FIVE YEARS LATER: DCH WORKERS REMEMBER HOURS PASSING, VICTIMS POURING IN

Note: This story, and many others on the April 27, 2011, tornado, aired during WVUA 23’s 1 and a half hour special program “Faces of the Storm” on April 27, 2016. If you’d like to watch the whole series, click here.

April 27, 2011, was a normal workday at DCH Regional Medical Center, until Tuscaloosa found itself in the path of an EF4 tornado.

“We handle trauma every day,” said DCH nurse Sharon Oakley. “That is nothing new for us. It’s our job. But that day was something way beyond what we could’ve imagined.”

Oakley, who’s been a nurse at DCH for 24 years, said that was the day she learned how bad it could get.

“(My boss) says we’ve got a tornado headed this way, y’all need to be prepared, we don’t know what’s going to happen,” she said.

As the hours passed, victims poured in, and the harsh realities of a deadly day took the trauma department by storm.

“We started having them come in truck loads, in cars,” she said. “(They were) in every doorway, and that’s when it started getting bad.”

Dr. Jeremy Pepper said he was called in to work at 4:30 that afternoon. He’d worked an overnight shift the night before.
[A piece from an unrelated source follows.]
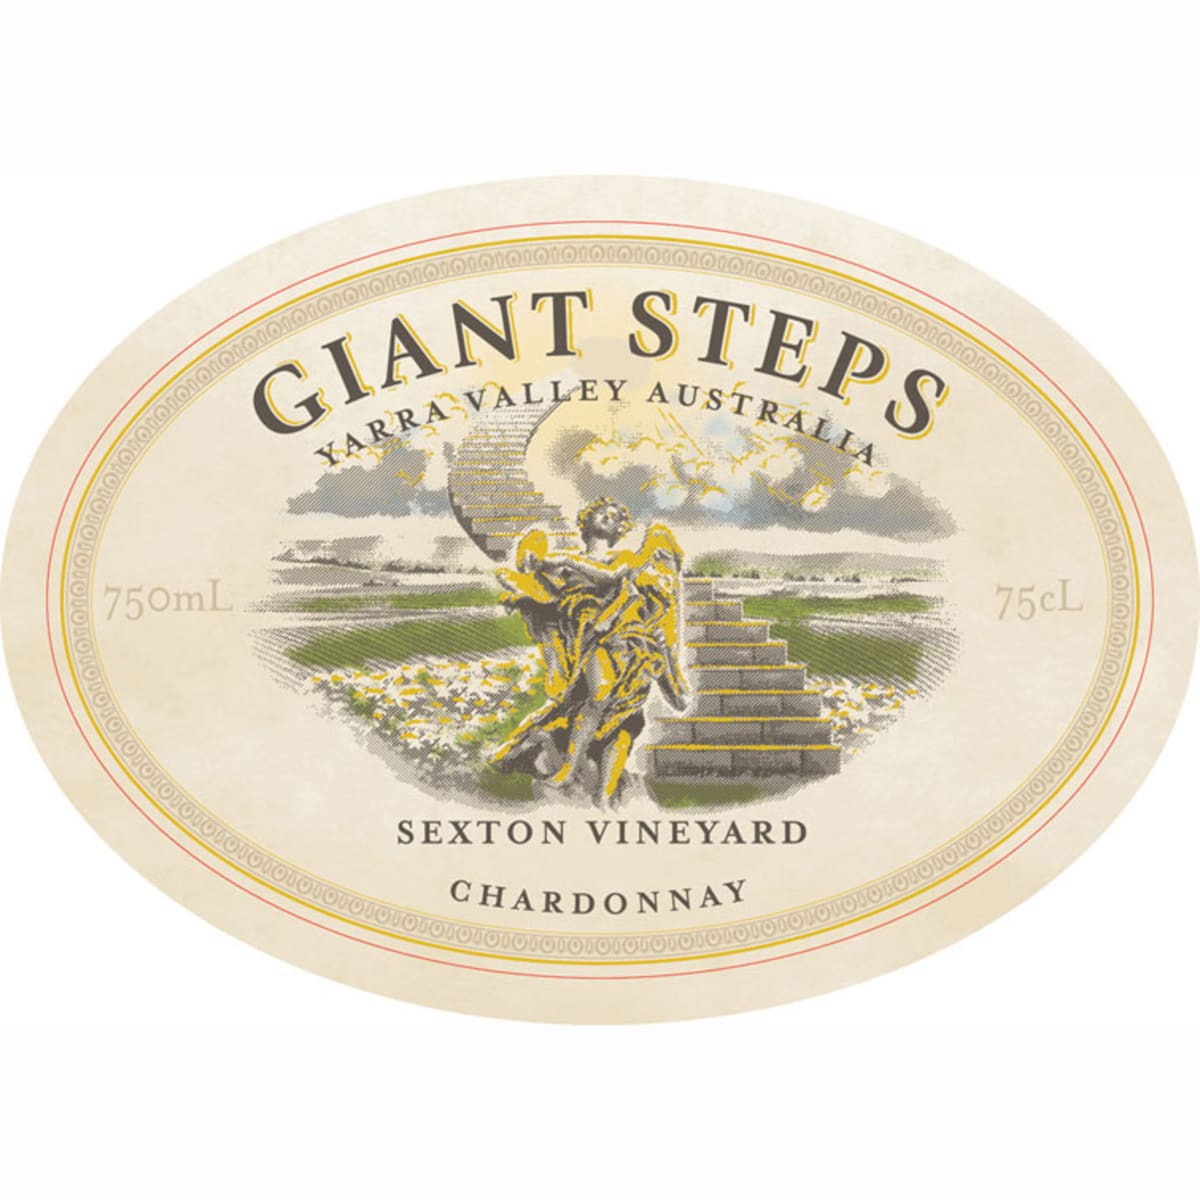 Giant Steps Sexton Vineyard Chardonnay 2008 Front Label

Pepper, who is a Hurricane Katrina survivor, said it was a day that rivaled a that disaster 11 years ago.

“Here, we had an influx of patients in just a couple of hours,” he said. “With Katrina, we had an influx of patients over a week.”

The patients came as quickly as the storm did, but the hospital was prepared.

“I think God was with us so much on that day because it could’ve been a lot worse,” Oakley said.